Lahme
Ente?
Als
1972 der Wahlkampf mit harten Bandagen geführt wurde, da waren viele Blätter im
Lande noch recht eindeutig in ihrer politischen Orientierung. Spiegel und Stern
engagierten sich für die Politik des Bundeskanzlers Willy Brandt und seiner sozialliberalen Koalition. Bild und andere
Produkte der Springer-Presse engagierten sich für die CDU/ CSU und ihre
Politik. Zehn Jahre später – 1982 beim Wechsel von Schmidt zu Kohl wurde viel
von Verrat und Wortbruch geschrieben. Vor allem die linksliberalen Blätter in
Hamburg und München schäumten und diffamierten den neuen Kanzler – Birne, der
aufgeblasene Riese aus Oggersheim, das waren noch die schmeichelhaftesten
Bezeichnungen. Jetzt beim Wechsel von Schwarzgelb zu Rotgrün ordnet sich die
Presse-Landschaft nicht mehr so eindeutig zu.
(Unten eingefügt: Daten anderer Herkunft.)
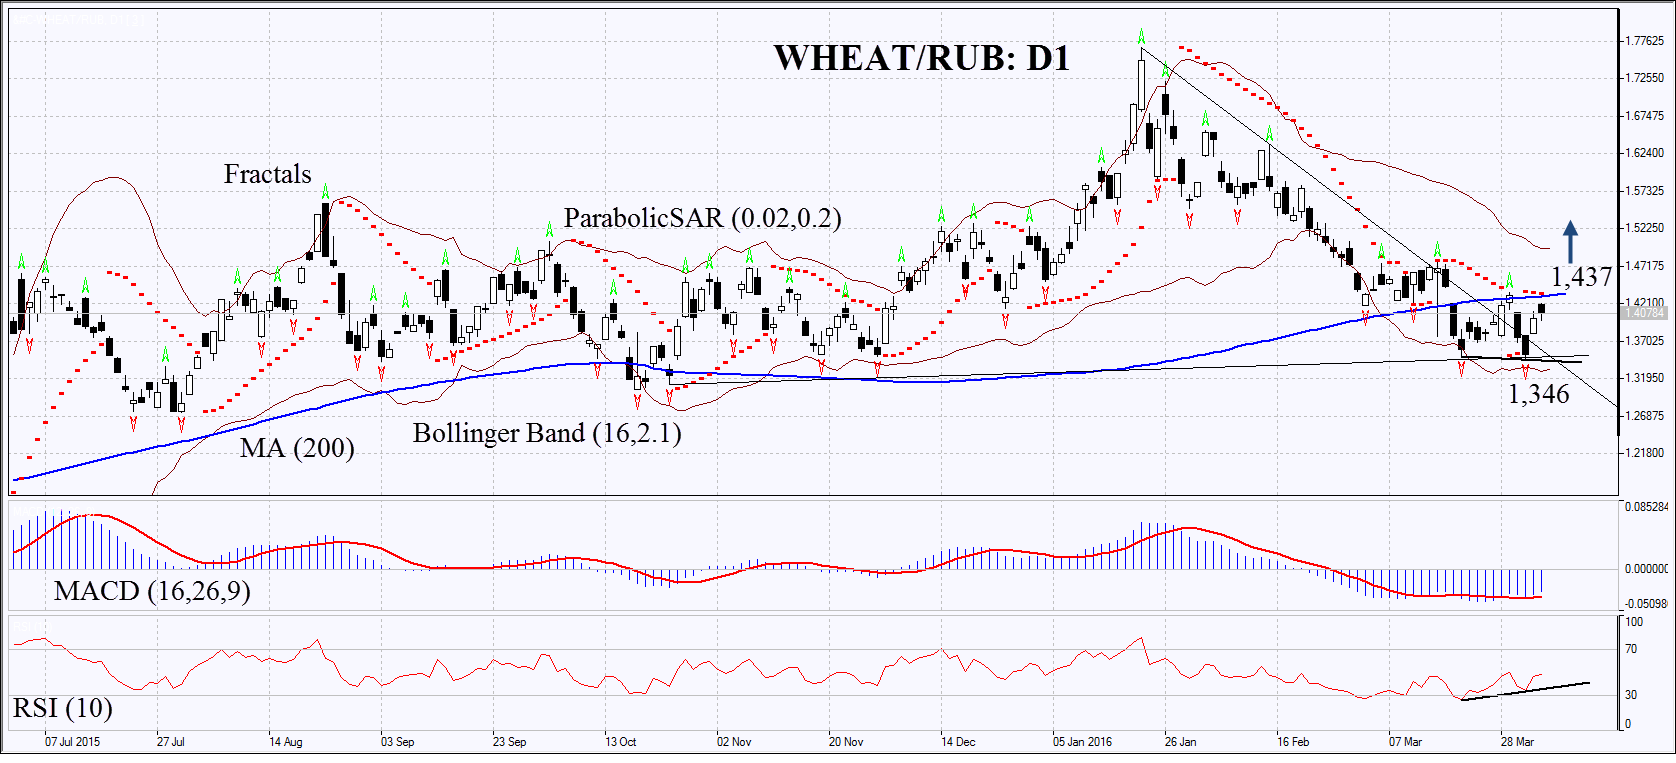 Wheat/RUB :D1

Bild, Spiegel, Stern, Zeit, FAZ – eigentlich kritisieren alle den
Stil und die Politik der neuen Regierung. Ein Fehlstart sei es gewesen. Trotz
satter Mehrheit im Bundestag und großer Mehrheit im Bundesrat bekommt die
Schröder/Fischer-Regierung keinen Fuß auf den Boden. Interner Streit, vor allem
bei den Personalien, verwischt den versprochenen Neubeginn. Steuererhöhungen ab
1999 haben die Bürger verärgert. Industrie, Handwerk und Freiberufler sind
strutsauer über die halbherzigen Reförmchen. Die Frage, die alle bewegt,
erklingt aber immer deutlicher: Wer ist eigentlich Kanzler in Deutschland? Gerhard Schröder oder der
SPD-Parteivorsitzende/Schatzkanzler Oskar
Lafontaine. Nachdem Jost Stollmann, der Shooting-Star aus der
Schröder-Truppe den Bettel hingeworfen hatte – aus Verärgerung über Oskar, den
Alleskönner, jeder aus der Ministerriege derzeit täglich etwas anderes
hinausposaunt, ist der dicke Krach vorprogrammiert. Der Wirtschaftsminister
gegen den Umweltminister, der Kanzler gegen den Schatzkanzler, der
Parteivorsitzende gegen den Kanzler, usw. usw. – Aber eine richtige Opposition
gibt es momentan auch noch nicht, die all diese Ungereimtheiten attackieren
könnte. Die CDU und CSU befinden sich noch in der Selbstfindungsphase. Nur die
kleine FDP bringt mit Guido Westerwelle frischen Wind in die Landschaft. Nur
die Presse sucht und bohrt, analysiert und kritisiert. Niemand hätte gedacht,
daß der starke Mann aus Niedersachen einen Monat nach dem großen Wahlsieg schon
als lahme Ente vorgeführt wird. Wie der amerikanische Präsident Bill Clinton, der derzeit seine zweite
und damit letzte Amtszeit als lame duck verbringt – angeschlagen durch die
vielen Skandale um seine Person. Aber unser Gerhard Schröder startet gerade und
hat noch vier Jahre vor sich. Er muß langsam zeigen, wer Herr im Hause ist und
die Richtlinienkompetenz besitzt. Jetzt kommt auch heraus, wer bei den
Koalitionsverhandlungen den Ton auf SPD-Seite angegeben hatte. Die Grünen
wissen viele Liedlein davon zu singen, wie der Saar-Napoleon bestens präpariert
in die Verhandlungen ging und Schröder nur abnickte, was sein
Parteivorsitzender vorschlug. „Jetzt gehts los“, hieß der SPD-Song am 27.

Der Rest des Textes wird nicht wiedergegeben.